Woman Donates Kidney To Bus Driver’s Wife After He Joked About A Tip

A woman from Indianapolis got a second chance at life when a complete stranger donated her kidney to her.

Joyce Smith (left) donated her kidney to Valerie Scott.

The woman was riding in her husband’s bus, when he joked with her that he would accept kidney as a tip.

In an interview featuring all four of them, they both said it’s a miracle as their plans were changed after Joyce Smith was on Rex Scott’s Brew Tour Bus.

“Joyce is definitely my savior,” said Valerie Scott. What began as a joke, suddenly became a reality, “Before he let us off the bus, he also said he takes kidney as a tip,” said Smith.

Bus driver Rex Scott

It was August the 24th, a day which that changed Valerie’s life where Rex wasn’t even supposed to drive the bus that day. “If he had not made that joke, none of this would have happened,” said Smith.

Smith went on an Indy Brew Bus with bride-to-be Heather Musch and two fellow bridesmaids. The group bonded by a need. Musch needs a kidney,which prompted Smith to become a donor with numerous doctor visits from Tippecanoe County to St. Vincent in Indianapolis.

Joyce Smith with bride-to-be Heather Musch and two fellow bridesmaids.

Musch is already a transplant recipient, and is not healthy enough to be on the list, Smith’s limited window was closing soon. “I can’t take my car with me and I can’t take all these organs with me so whatever I can do now, I want to do,” Smith said.

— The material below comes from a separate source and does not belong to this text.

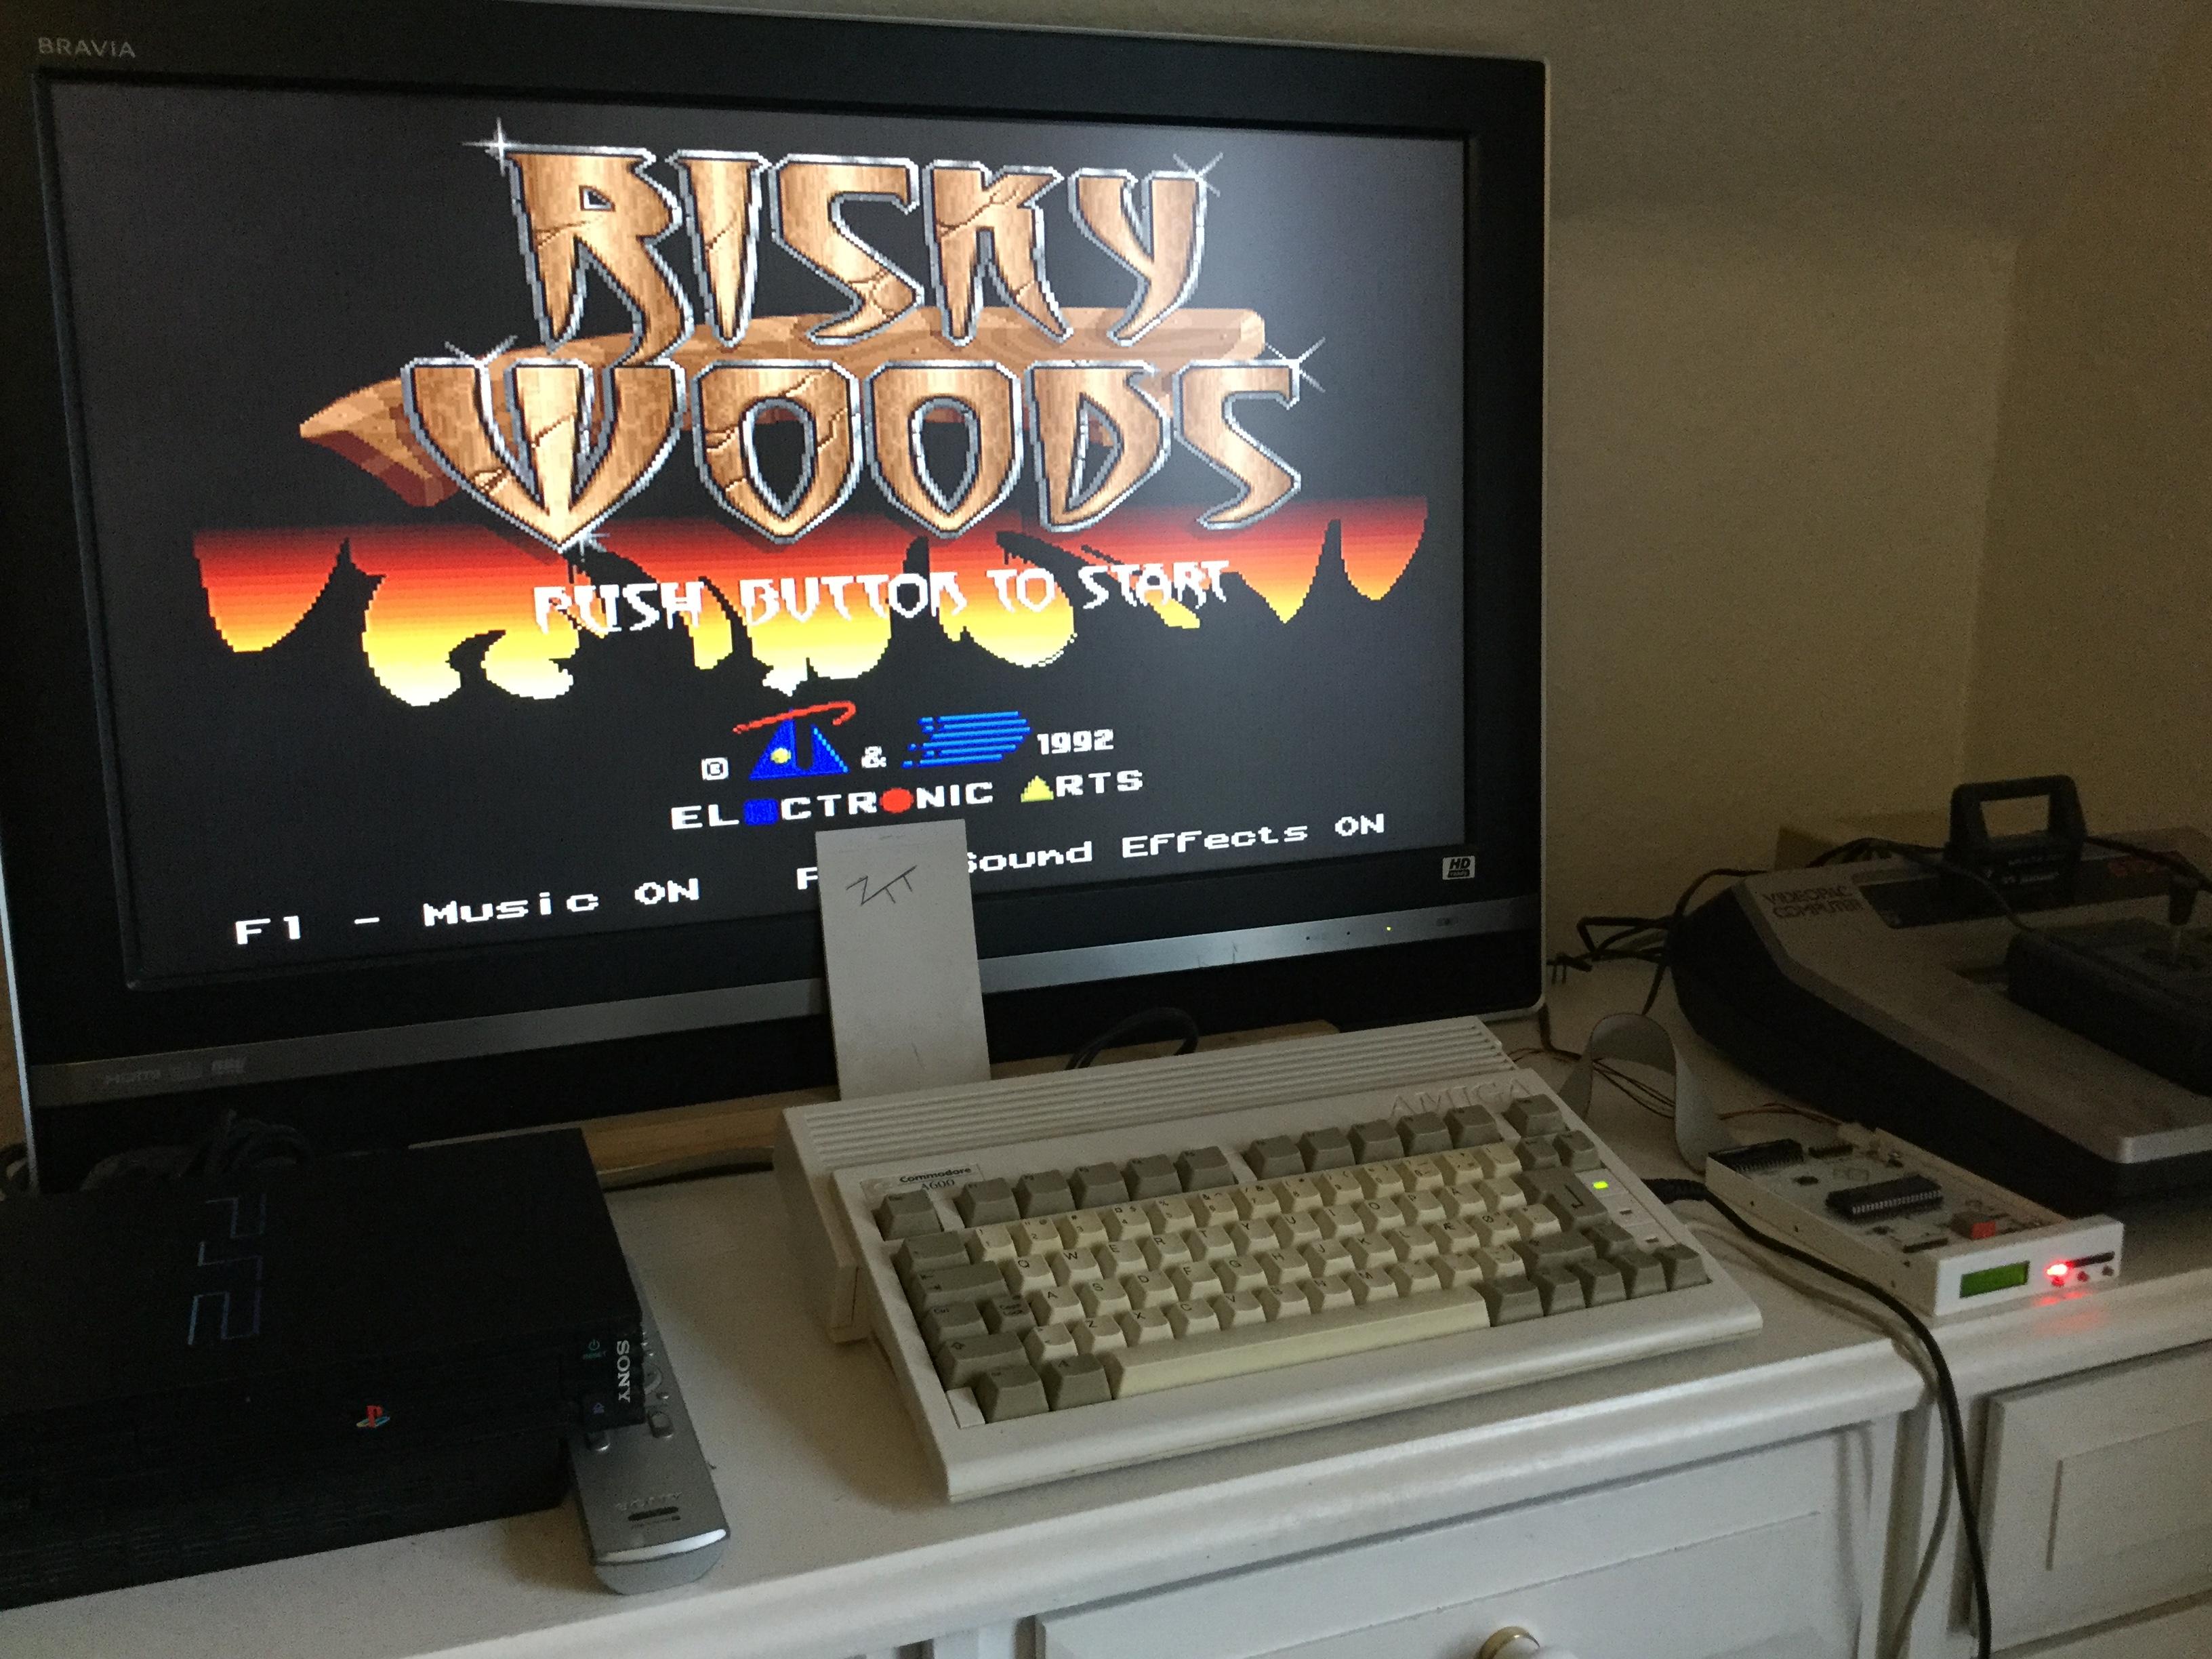 Frankie: Risky Woods [Electronic Arts] (Amiga) 114,584 points on 2017-10-22 06:32:54

Smith and her husband James care for nine kids including adopted, foster, and biological. One who was a kidney transplant recipient six years ago. Her father had got a liver transplant when she was little. “I just wanted to make the same difference in other kids’ lives that I as shown in my life,” she said.

James, Joyce, Valerie and Rex met up one afternoon and chatted their hearts out, in the Scott home on the near east side. This was the the fourth time that they met. “It was either dialysis or transplant,” remembers Valerie.

Valerie has dealt with polycystic kidney disease for years, and now her kidneys are the size of small footballs, and are losing function. Her mother had the same disease and received a kidney 17 years ago. But it takes not just a willing donor but a match in both blood type and six antigens.


Valerie happened to be on that bus that day, and Smith and her friends were only there as their initial plan fell through. “I made that joke and you caught on,” Rex said with a laugh. “God picked out the best person. He knew what he was doing that whole time,” Smith adds. “It wasn’t a stranger in God’s eyes.”

“Whether you believe in God or not, someone had a hand in this. There’s no way this would have worked out otherwise,” Valerie said.

The whole process was taking time, but never did they doubt one bit that it wasn’t a supernatural occurrence. Rex and Valerie said they never doubted and Smith said she hasn’t seen the kidney as hers for months. “Because the day I decided to give it away was the last day it was mine,” she said. “I’m just holding onto it for someone else at that point.”

The date of the surgeries was Jan 20, and was the 13-year anniversary of the death of Smith’s dad, on the list again for a transplant and was also Dr. Martin Luther King Jr. Day.

“Of all the sacrifices to give someone on a day like that, it’s just amazing,” Valerie said. “If you got one, give one,” adds Smith. The women are doing well, a little bit sore, but that’s about all.

“She doesn’t understand how much she has changed my whole life,” Valerie said. She says she used to sleep for 12 hours a day and feel exhausted, but now with half of that, she is more active.

Musch was married one week after the Indy Brew Bus experience. Initially, Smith was nervous to tell her, but Musch has been 100% behind this. But as of now, she’s not healthy enough to be on the transplant list, and needs our prayers to for it to happen.